Collected material:
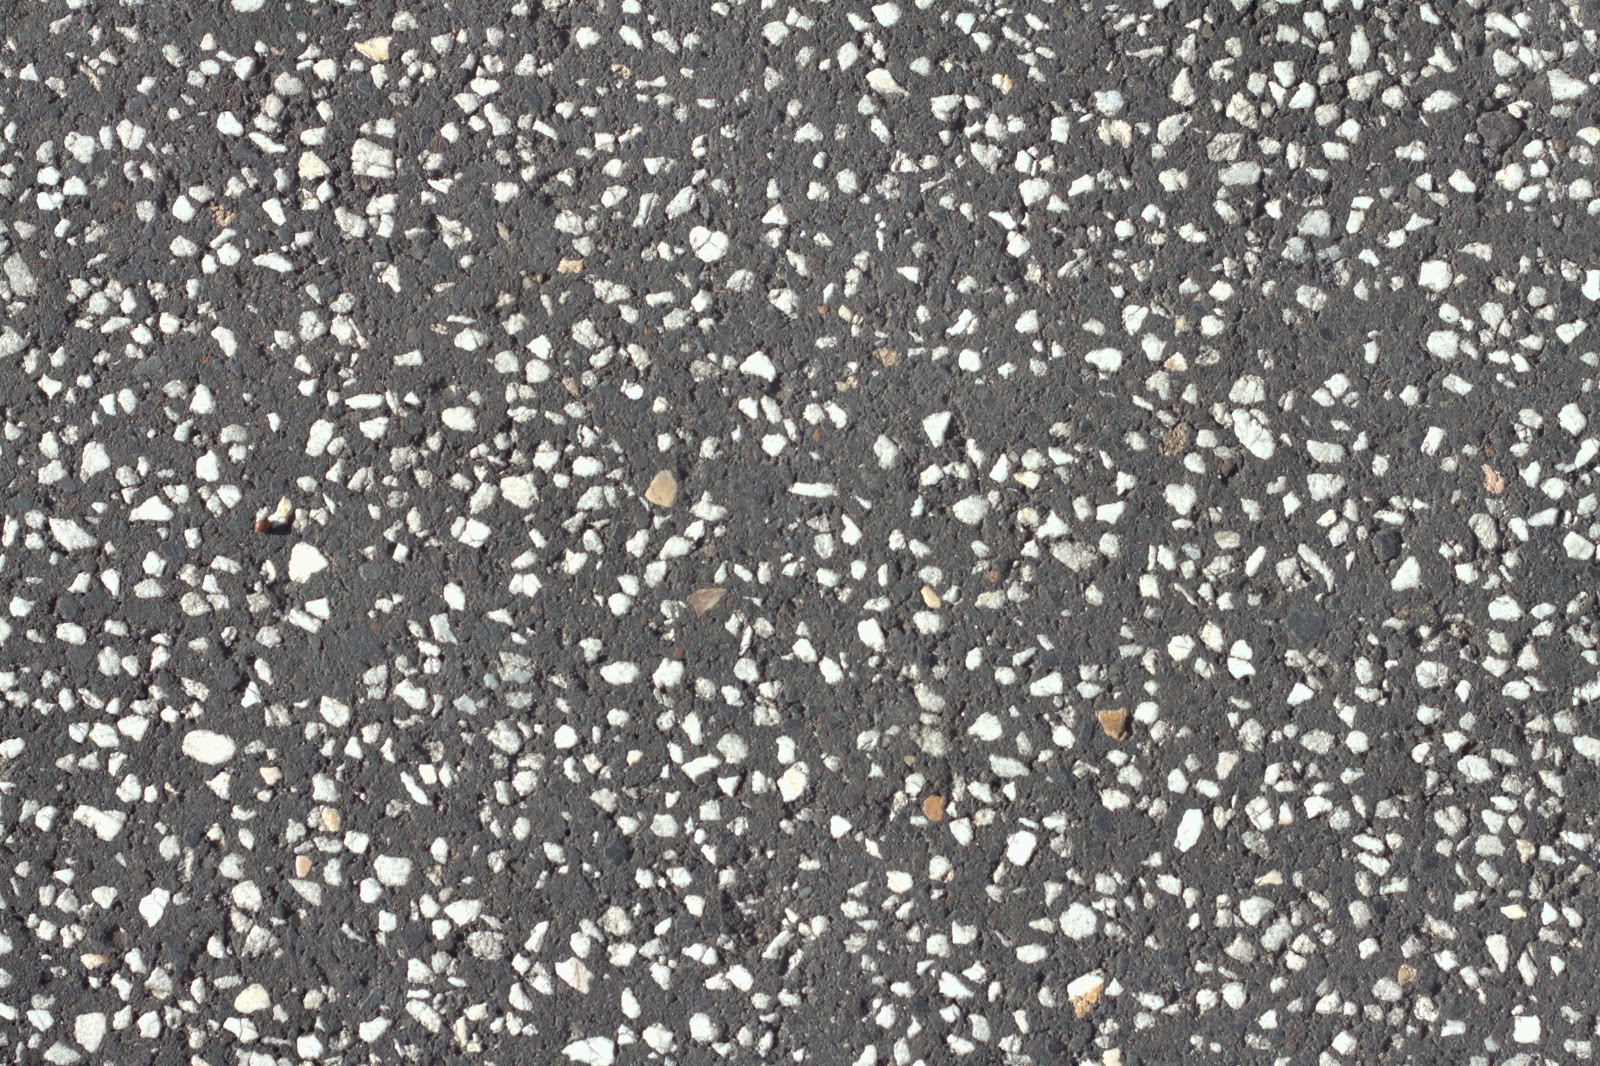 Concrete floor with white pebbles texture 4770x3178
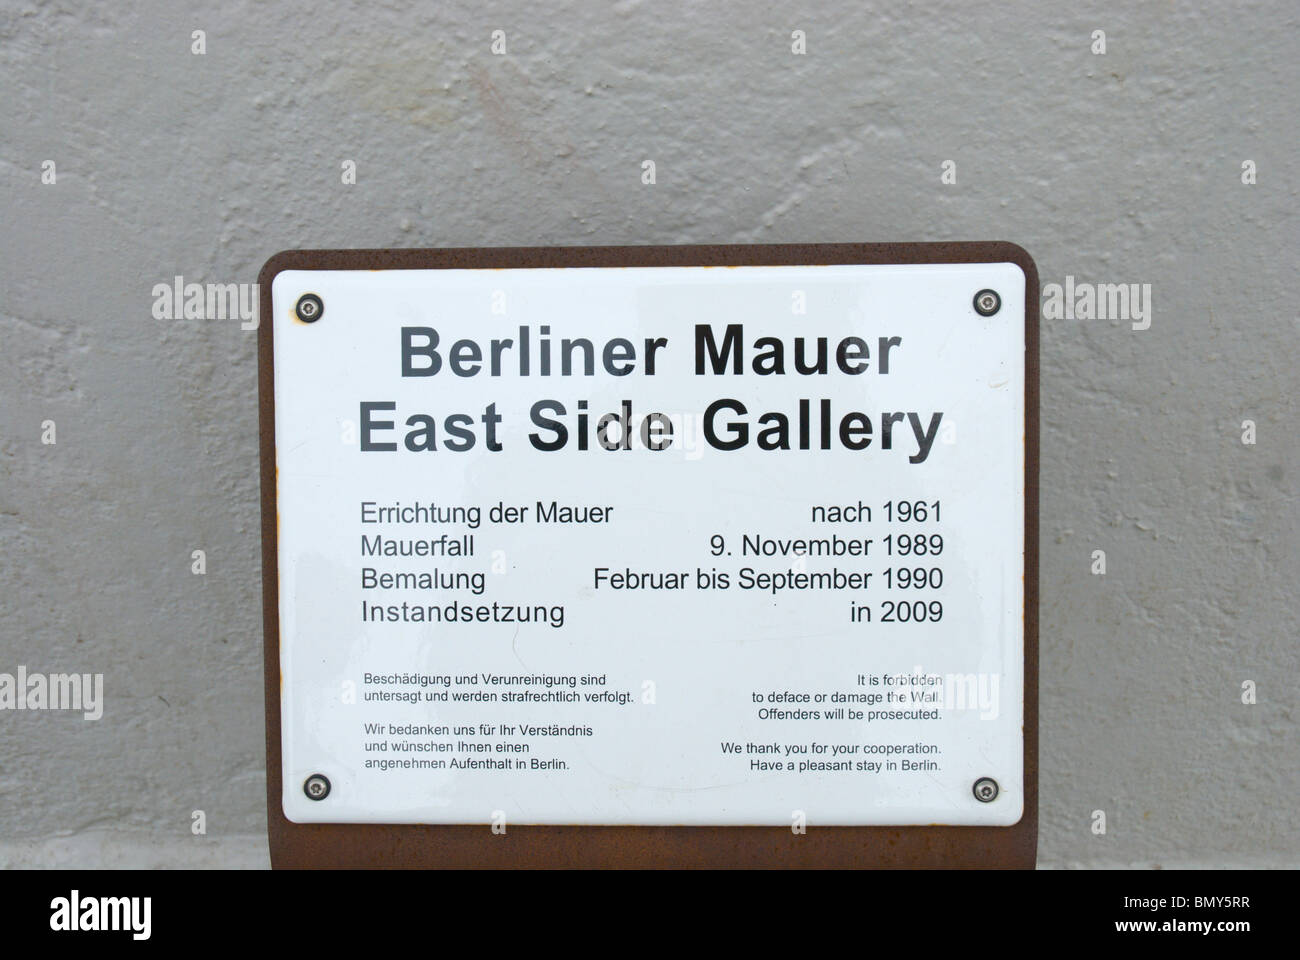 Berliner Mauer, mur de Berlin East Side Gallery Friedrichshain Berlin Allemagne Europe de l'Est Banque D'Images
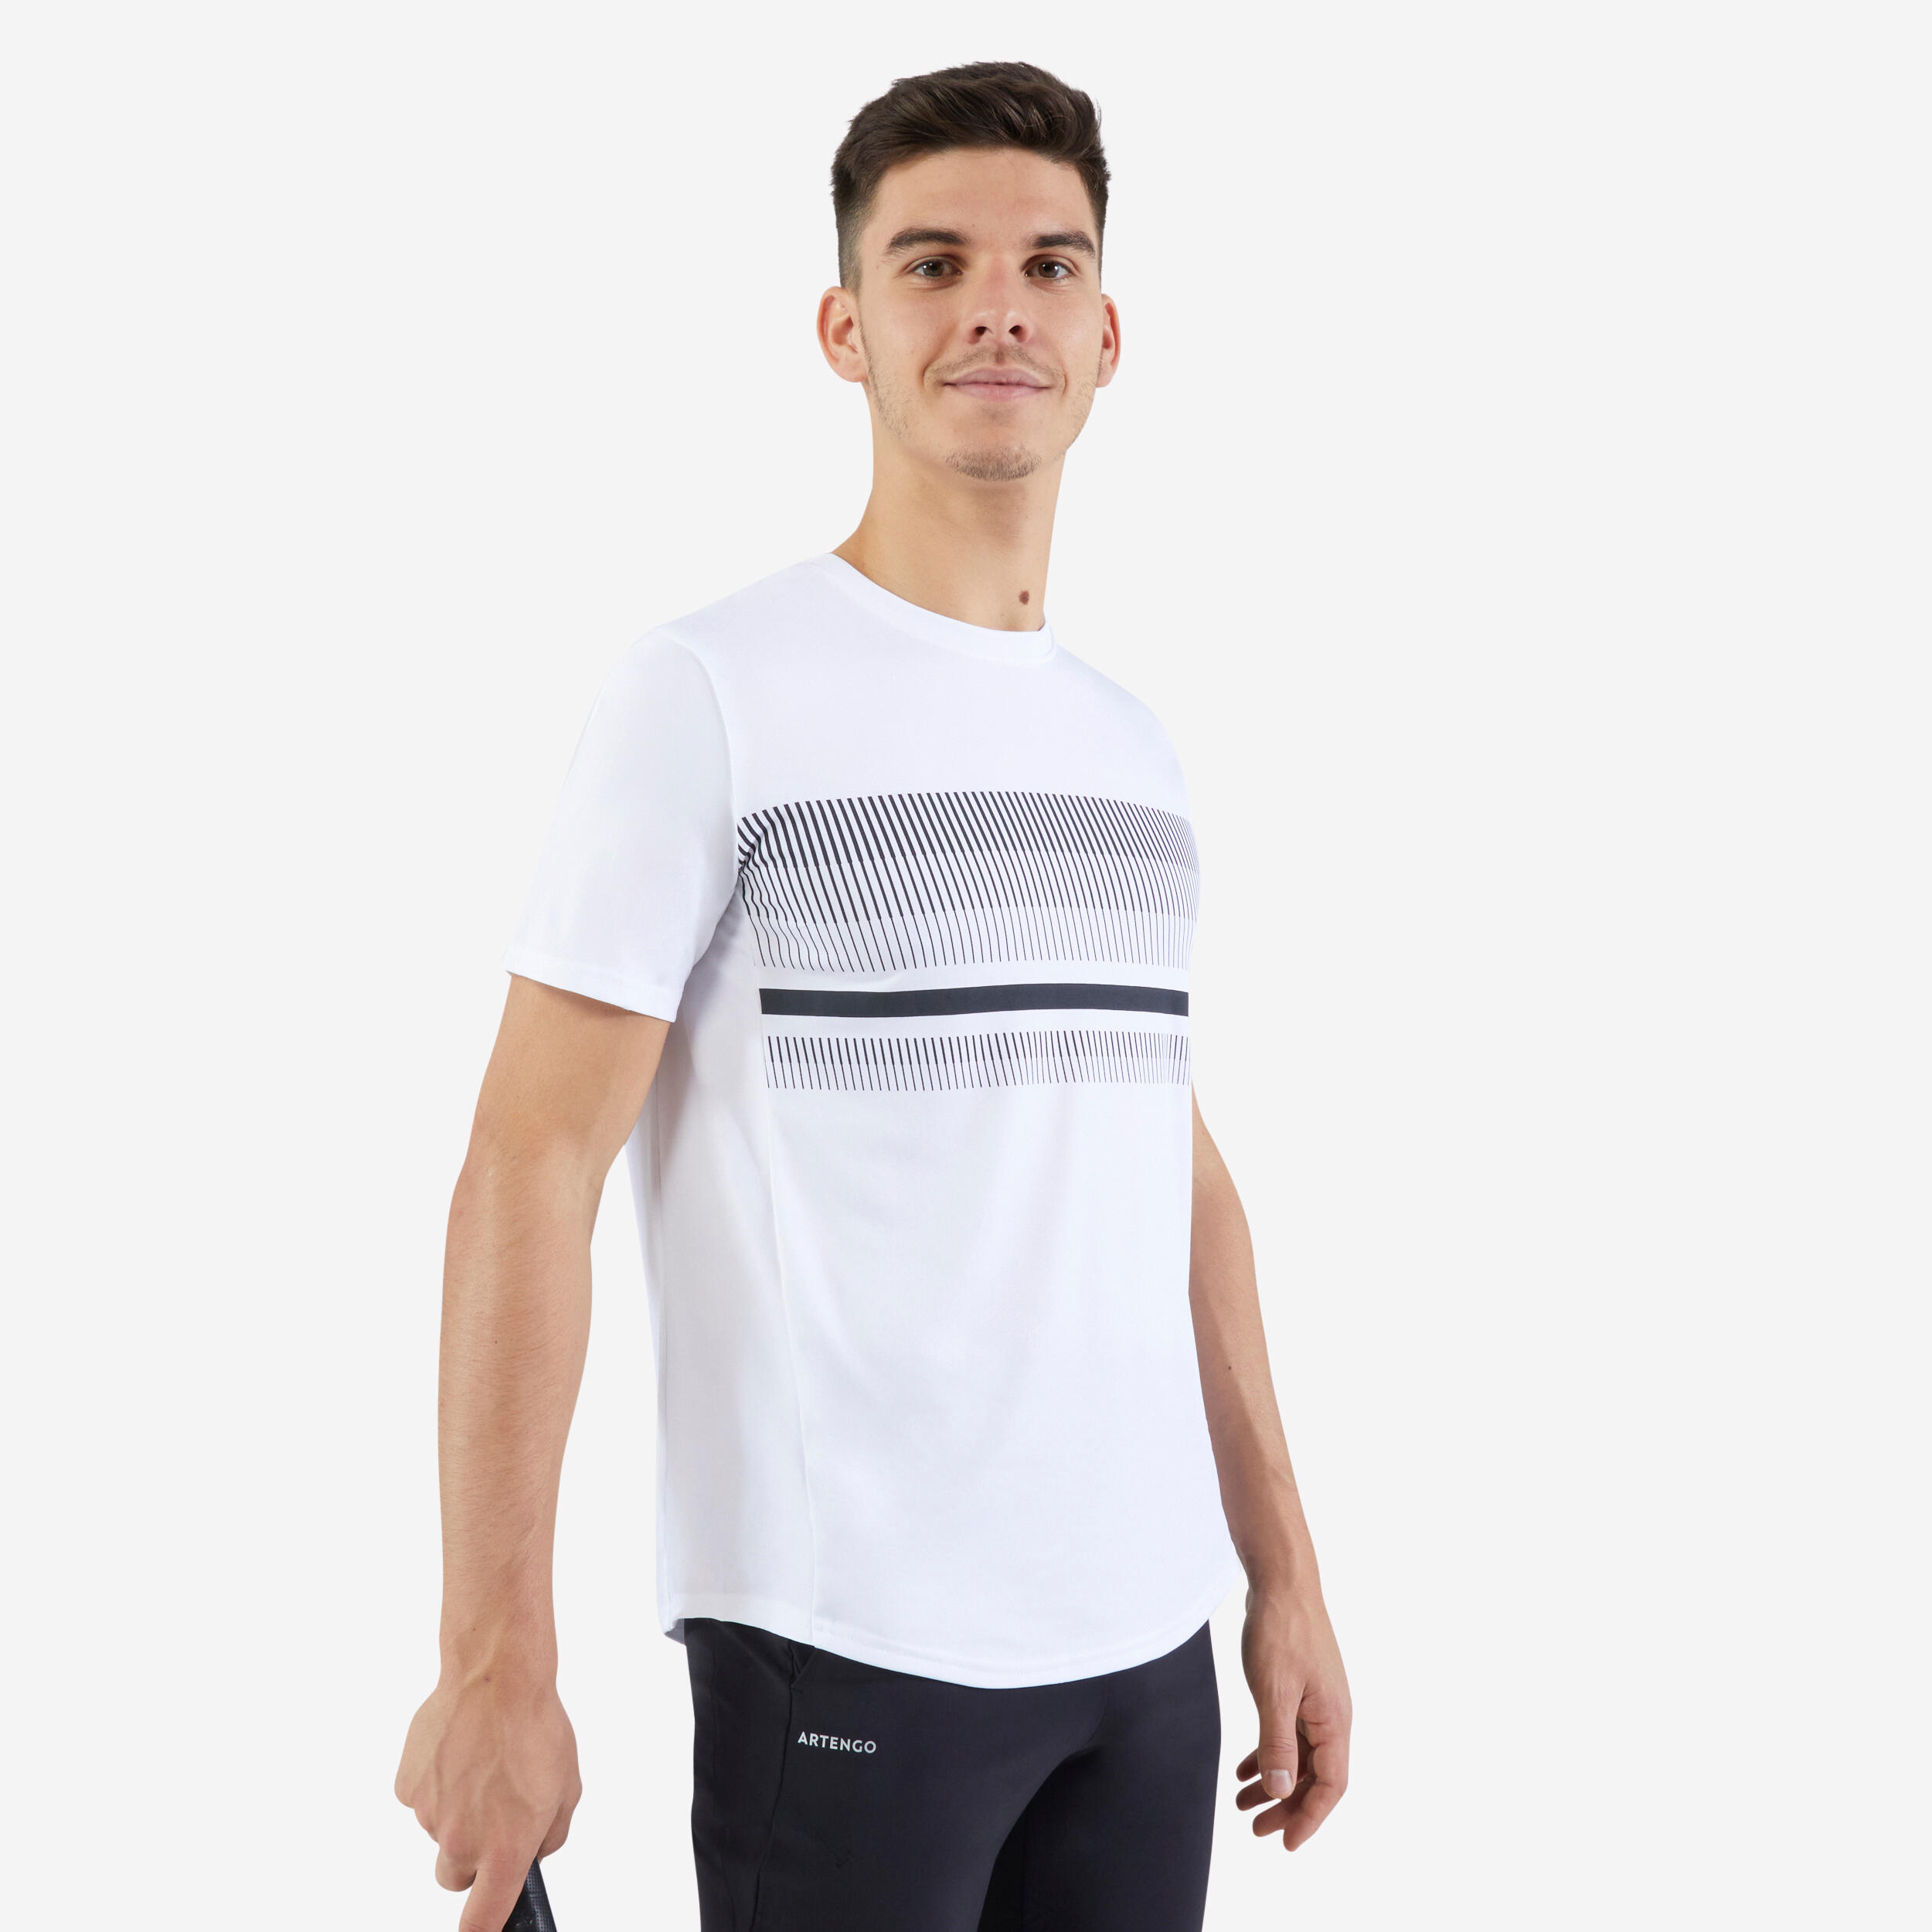 ARTENGO Men's Short-Sleeved Tennis T-Shirt Essential - White

Instructions for the task: Reproduce word for word the lines running from the line with "Berliner Mauer, mur" through the end of the data, both included, and nothing else; leave out the pictures.

Output of the exercise:
 Berliner Mauer, mur de Berlin East Side Gallery Friedrichshain Berlin Allemagne Europe de l'Est Banque D'Images
 ARTENGO Men's Short-Sleeved Tennis T-Shirt Essential - White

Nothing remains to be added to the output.